University of Cambridge Computer Laboratory - gatwick (WGB core network) crashed – Incident details

gatwick (WGB core network) crashed

Resolved
Partial outage
Started 6 months agoLasted 5 days

Affected

Network

Partial outage from 1:27 PM to 2:23 PM, Operational from 2:23 PM to 12:58 PM

Updates
  • Resolved
    Resolved
    This incident has been resolved.
  • Monitoring
    Update

    gatwick crashed and rebooted again at around 06:22, again triggered by a routine configuration update.

    We had, earlier in the night, attempted to install a software update but due to an unrelated issue, the routers refused to do an 'In Service Software Upgrade' - i.e. the upgrade would have caused more disruption - so we chose to roll back and delay this update until Cisco published their notes about this particular version.

  • Monitoring
    Update

    The routers have remained stable since the crash, but we're going to do some further testing out-of-hours, and install a software update. There may be some further disruption whilst that happens.

  • Monitoring
    Update

  • Monitoring
    Monitoring

    The core router and switch in the William Gates Building (gatwick) seemingly crashed and rebooted at around 14:27.

    This appears to have been due to a software bug triggered by a routine configuration change.
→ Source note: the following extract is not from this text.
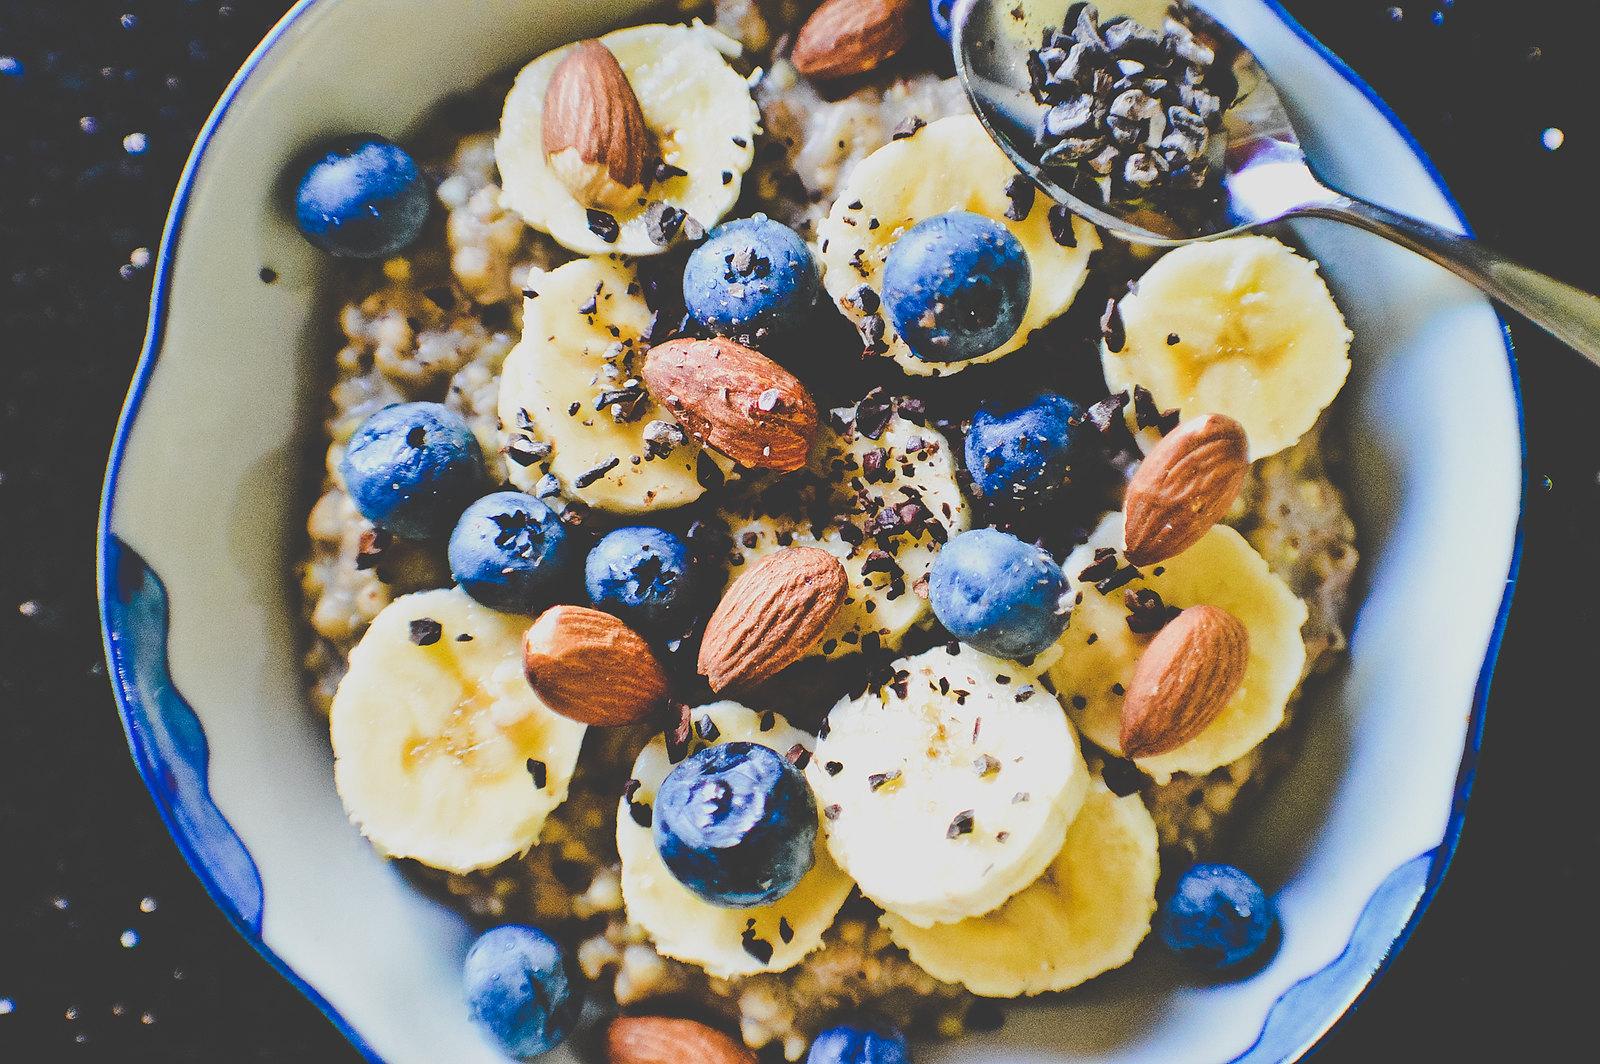 Creamy Banana Buckwheat Porridge with Blueberries, Almonds & Cacao Nibs
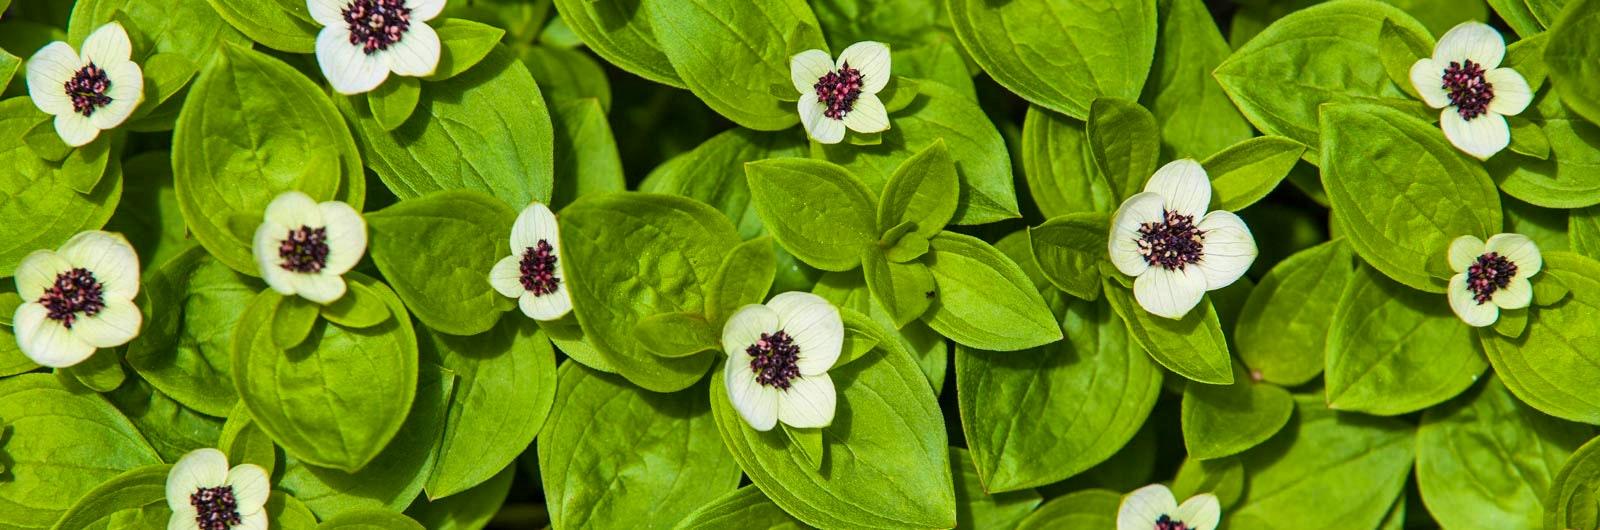 Vita blommor bland gröna blad i närbild

Although gatwick is a virtual switch/router comprising two independent physical systems, it seems that the entire virtual switch/router (both physical systems) rebooted simultaneously.

    This type of device takes a long time to reboot; in this case there would have been a little over 12 minutes during which the William Gates Building office network was cut off from the University network and the internet (followed by a further few minutes of instability). This would also have affected connectivity to filer and a few other core services hosted in the WGB.

    Investigation is ongoing into the reason for this outage.